C’est une volonté pliée vers le monde qui a voulu s’inscrire comme rationalité réaliste naturaliste ; en ceci que la raison (du 18éme, celle qui ne garde de Kant que sa limitation de la métaphysique mais en voit pas qu’il voulut installer le transcendantal du sujet, en quoi il présentait que la philosophie était passée à un autre registre du réel, suivant en cela Descartes) va imposer partout que la pensée, la cohérence ne se définit que via la version d’adaptation de la réflexivité qui a transformé la pensée de structure en raison du donné ; le donné explique le donné et le moi n’est qu’un bricolage psychologique (un corps langage). Il est clair que la raison s’effectuant comme donné est en réalité la fixité de l’objectivité ; soit donc que certes l’objectivité est vraie et réelle mais en même temps elle est la production de consciences qui annulent qu’il existe de la conscience.
Il apparait ainsi que la philosophie ni la structure du sujet (impossible) ne s’effondrent hors du monde, mais tiennent le Bord lui-même ; et on n’a pas le choix, puisqu’il s’agit de la structure réelle antérieure à tout choix, ce qui veut dire « qui les rend tous possibles » et ce depuis que cette structure est apparue (dans l’historicité et comme historicité ; puisque ce qui existe structurellement retient, re-tient, tout déplacement de position sur le (même) Bord. Pareillement les mois, chaque moi, un par un, sont soumis à l’antériorité de la structure individuée ; c’est pour cela qu’il existe des mois, qu’ils aient à se coltiner la dureté.

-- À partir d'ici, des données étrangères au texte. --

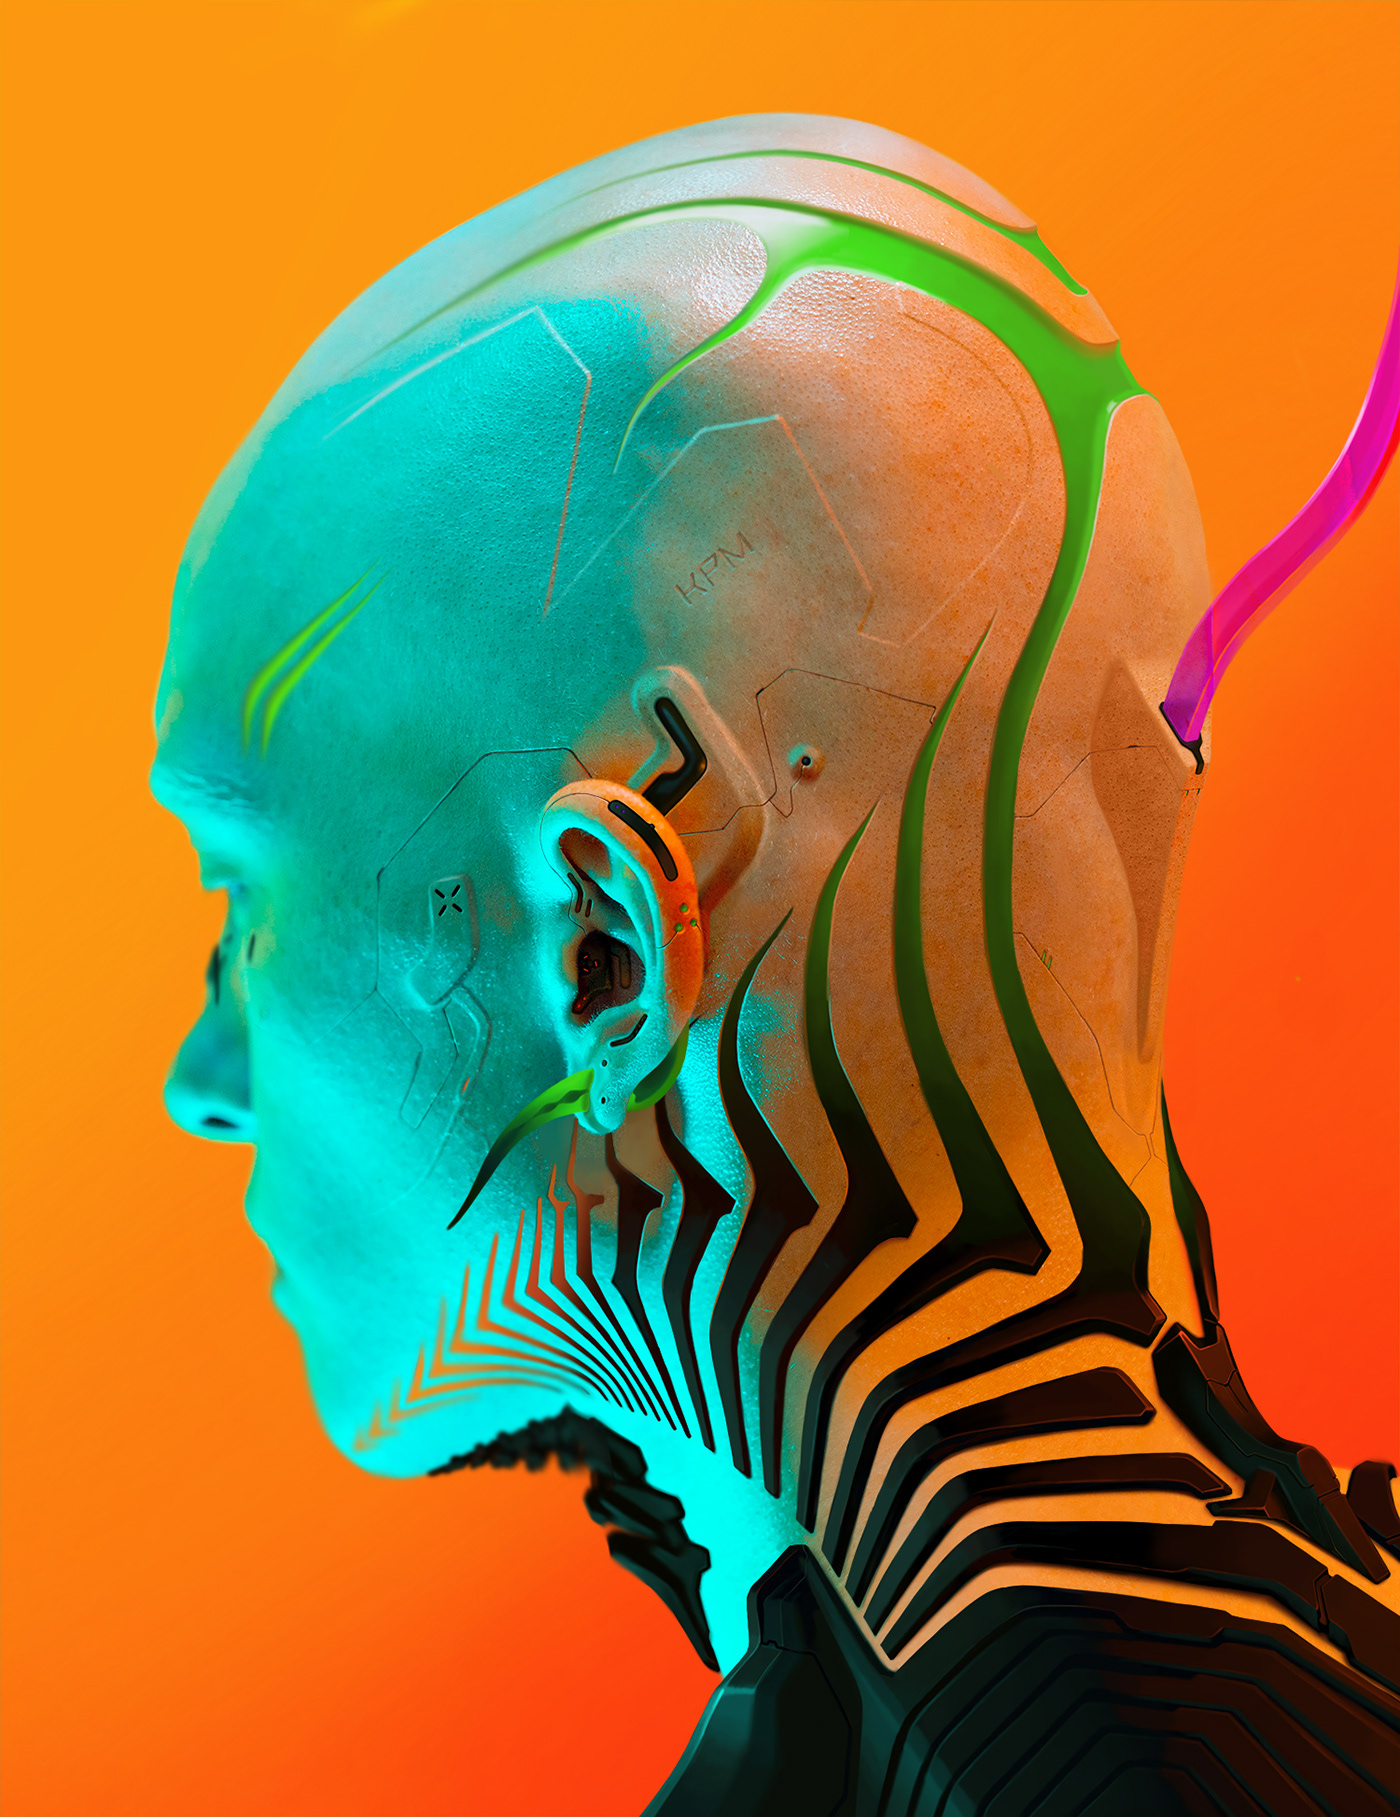 Cyberpunk robot future neon glow Technology Editing  upgrade mech ghotic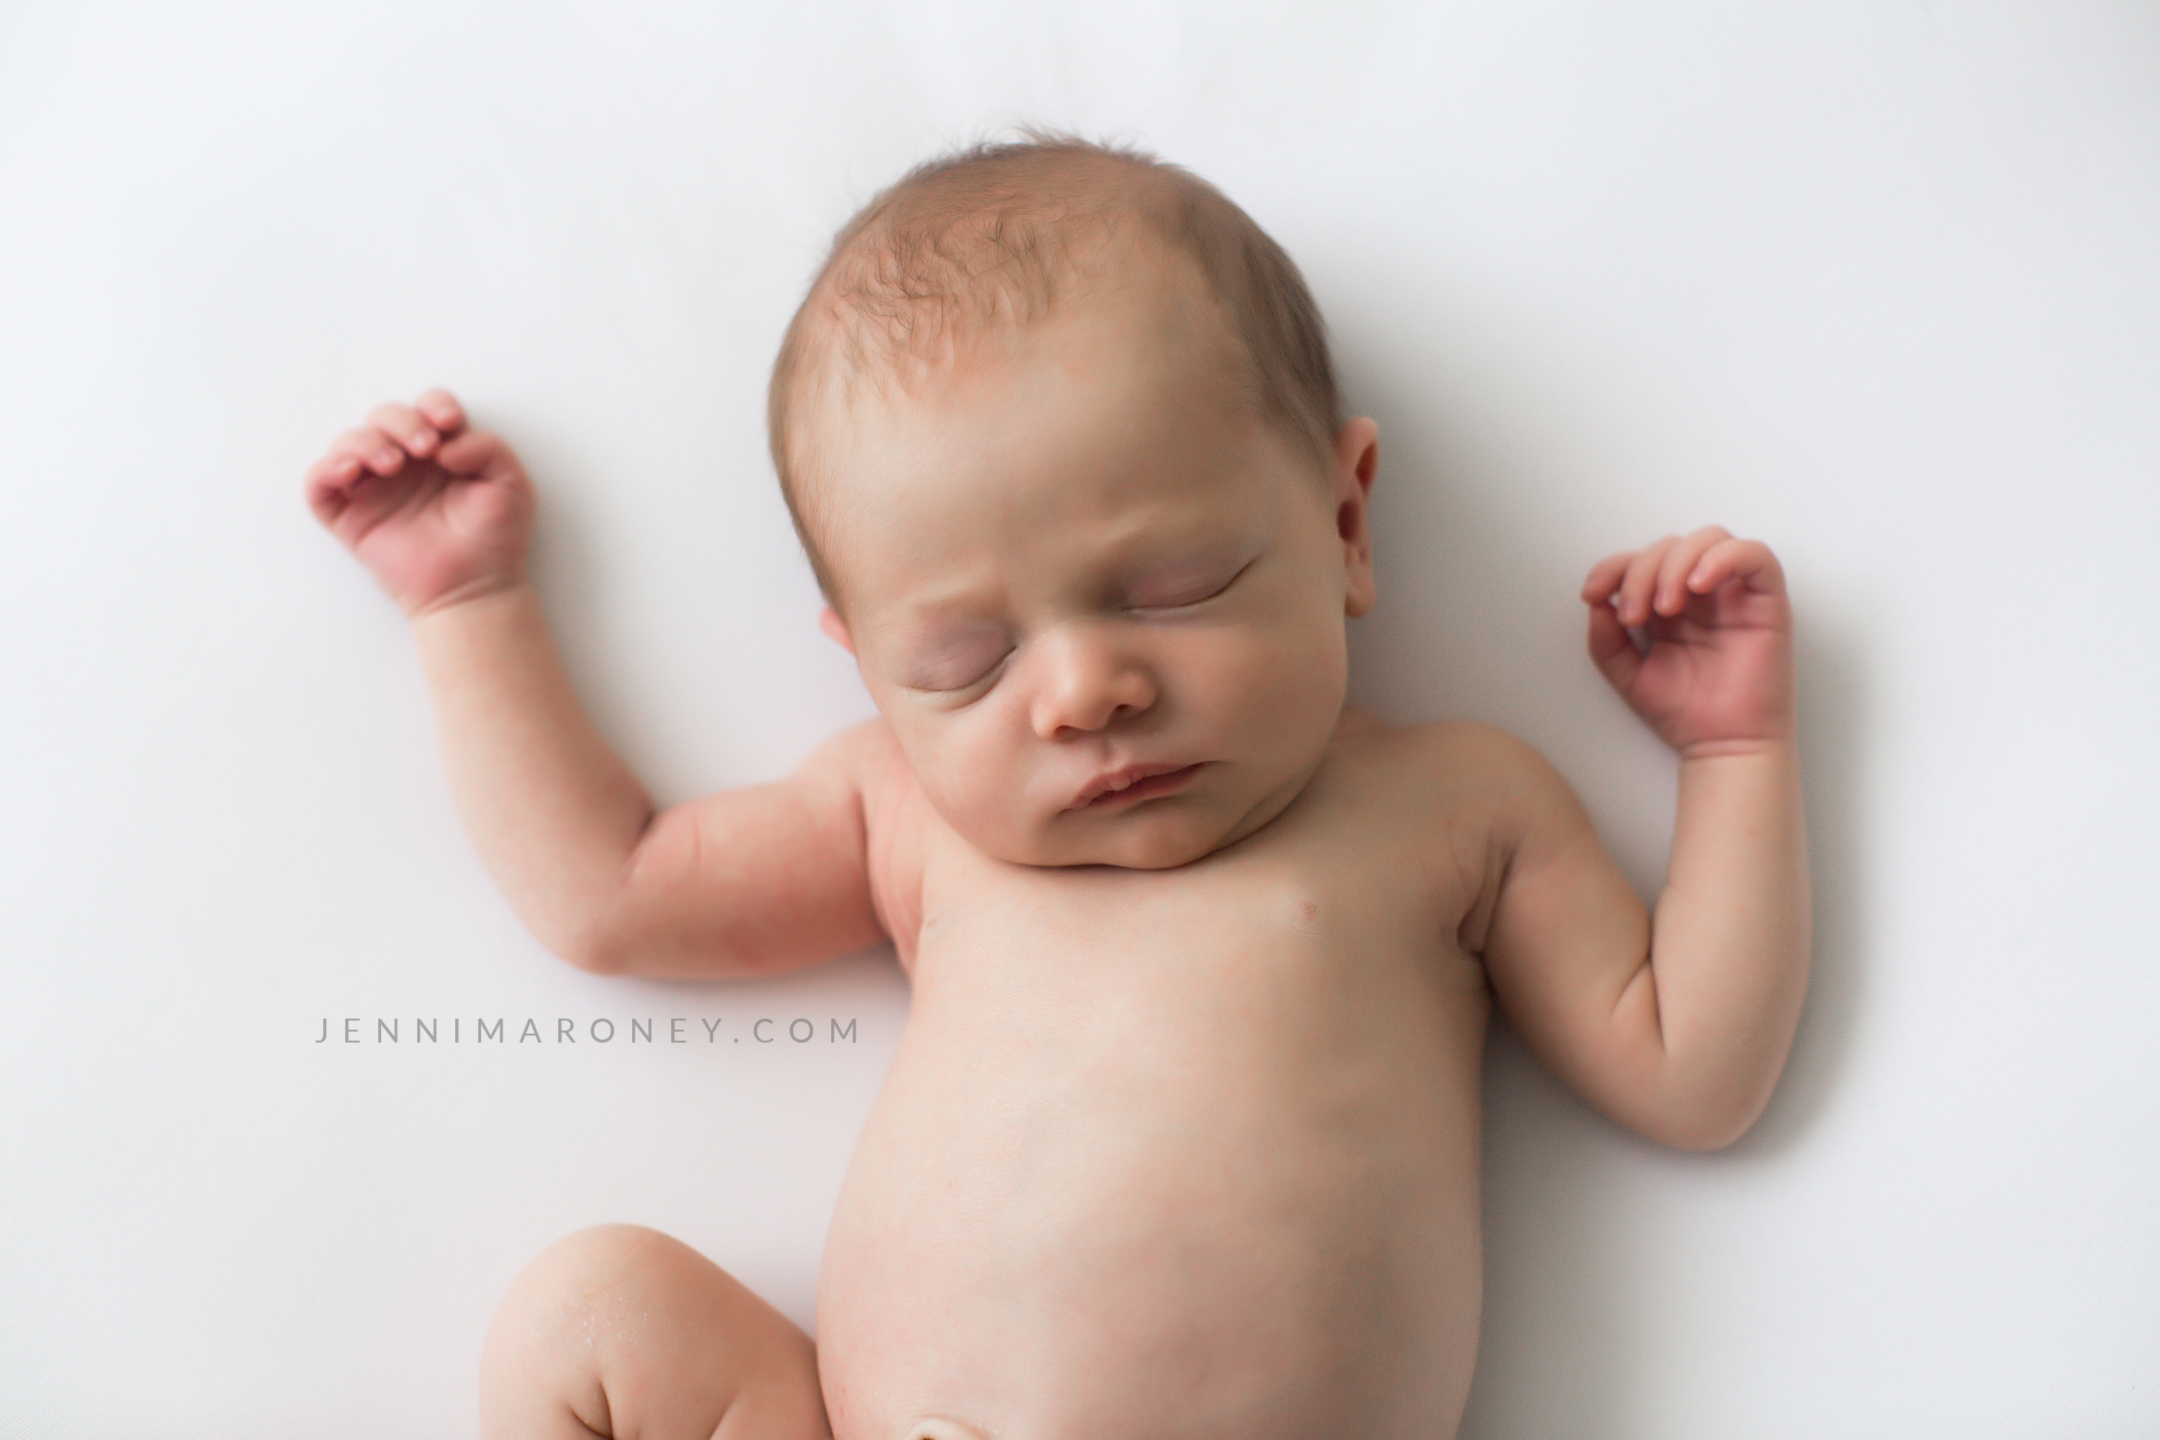 Boulder newborn photographers and Denver newborn photographer, Jenni Maroney shares 5 tips to hiring a newborn photographer.

Nietzsche, Heidegger, Sartre, Lacan tiennent non pas une vague structure inefficace et irréelle, mais la dureté du réel, de même que les Grands Sujets éprouvent et nous montrent les cheminements impossibles (par-dessus l’universel et au travers que leur épreuve et extrémismes, vouloir encore au-delà de l’universel la singularité) et que les sujets (Descartes, Kant, Fichte, Hegel) délimitent l’attention qui précède, qui origine l’universel. Ils fixent l’invariant, l’hyper objectivité de l’arc structurel (comportant à la fois l’arc de conscience et l’arc du présent, ce creusement abyssal).